Nonostante tutto, buon Primo Maggio a tutte le lavoratrici e a tutti i lavoratori, a tutti i precari, ai disoccupati di breve, medio e lungo, lunghissimo termine; agli inoccupati da immemore data, a tutte e tutti coloro che sembrano lavoratori e che, invece, ben oltre la “normalità” del regime di sfruttamento dettato dal capitalismo liberista moderno, si trovano nella condizione di un avveniristico schiavismo nel consegnare cibo e scatoloni con dentro qualunque cosa noi si ordini tramite Internet.

Buon Primo Maggio, dunque. Ma la cosiddetta “festa dei lavoratori” finisce qui. Non solo perché è impossibile festeggiarla come vorremmo, con cortei magari ancora un po’ pieni di bandiere rosse, cantando e discutendo di politica, di sindacato, di ricchezza e di povertà, di lavoro e di profitti; ma soprattutto perché il biennio pandemico sta sempre più mettendo a nudo il sovrano economico globale e tutte le sue ricadute continentali e nazionali: una decrescita antisociale che nulla a che vedere con l’attutire gli effetti endemici di ingiustizia che sono parte della produzione capitalistica, nella “naturale” difesa dei privilegi delle classi dominanti.

Una decrescita che è da un lato accelerazione della concorrenza tra le grandi multinazionali (corporative) che investono nel commercio online e che sfruttano pertanto appieno la diffusione globale delle merci su tutto il pianeta; dall’altro è un progressivo impoverimento anzitutto degli strati più deboli e indigenti della popolazione, del ceto medio produttivo, delle imprese a carattere familiare, delle partite IVA e di tutti quei settori del mondo del lavoro che dipendono da sé medesime.

I livelli occupazionali erano stati dati, almeno ad inizio marzo, in lieve ripresa facendo intuire che, nonostante la pandemia, qualche speranza di non vedere solo segni negativi davanti a numeri assoluti e percentuali. Ed anche oggi, facendo riferimento ai dati raccolti un mese fa, confrontandoli con quelli di inizio anno, si nota come la disoccupazione sia aumentata vertiginosamente: solamente in questi primi quattro mesi del 2021 si registrano 254.000 posti di lavoro in meno (raffronto con il trimestre ultimo del 2020) e la maggiore penalizzazione riguarda le donne, la cui percentuale di esclusione dalle attività produttive sale di 2 punti in brevissimo tempo, da febbraio ad oggi.

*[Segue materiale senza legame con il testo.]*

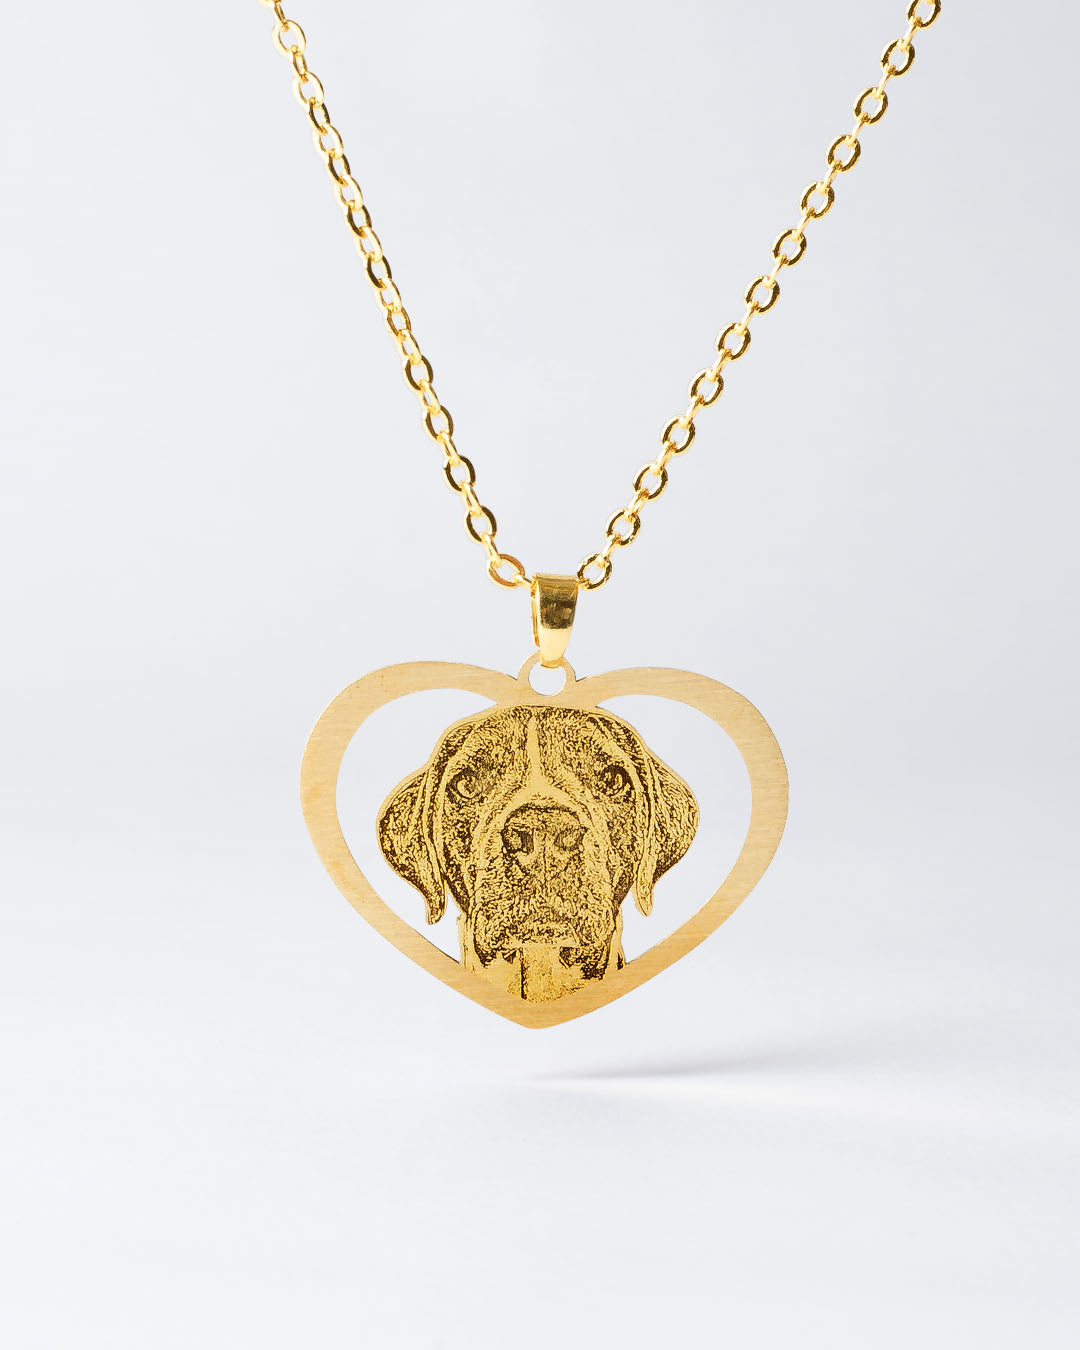 Silvercut Unique Jewelry Small Dog Keychain Gold Tone New in Box

I 34.000 posti di lavoro in più che si possono contare a marzo diventano una goccia nell’enorme oceano della crisi economica e dei salariati: una goccia importante, ma anche questa segno tangibile dell’enormità dell’impatto pandemico nella stragrande maggioranza dei settori: si salvano solamente le grandi multinazionali che operano tramite il web e che hanno costi di produzione ridotti non soltanto grazie ai bassissimi salari che pagano a dipendenti cui stipulano i contratti più svariati, giocando sulle discrepanze legislative, sulla spietata regola dell’esercito di riserva dei tanti che premono per avere uno straccio di lavoro anche senza un minimo di garanzie e tutele, ma che salvano i dividendi dei loro azionisti con operazioni di elusione fiscale apparentemente legali.

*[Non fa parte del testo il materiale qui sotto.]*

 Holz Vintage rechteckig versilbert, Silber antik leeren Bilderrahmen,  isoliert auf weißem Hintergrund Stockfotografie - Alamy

Le tassazioni dei grandi gruppi internettiani, del mega commercio mondiale fatto di pacchi e pacchetti, sono ridicole rispetto a ciò che pagano non solo le lavoratrici e i lavoratori su miseri salari, ma pure le medie e piccole imprese sia italiane che del resto d’Europa.

Non c’è dubbio che la pandemia abbia acuito le differenze di classe ed abbia mostrato (e dimostrato se mai ve ne fosse stato bisogno) che le diseguaglianze sono irriducibili ad una sostenibilità tanto nazionale quanto internazionale dell’economia di mercato. Ed anzi, proprio i momenti di crisi improvvisi, come l’esplosione del Covid-19, creano turbinosi vortici di quella “anarchia produttiva” di cui già nella seconda metà dell’800 sia Marx sia Engels ne scrivevano ampiamente:

«Ogni imprenditore capitalista (od ogni associazione capitalistica) produce merci indipendentemente dall’altro. Non è che la società stabilisca quanto e che cosa ad essa occorre, ma gli industriali fanno semplicemente produrre col miraggio di un maggiore profitto ed al fine di battere la concorrenza».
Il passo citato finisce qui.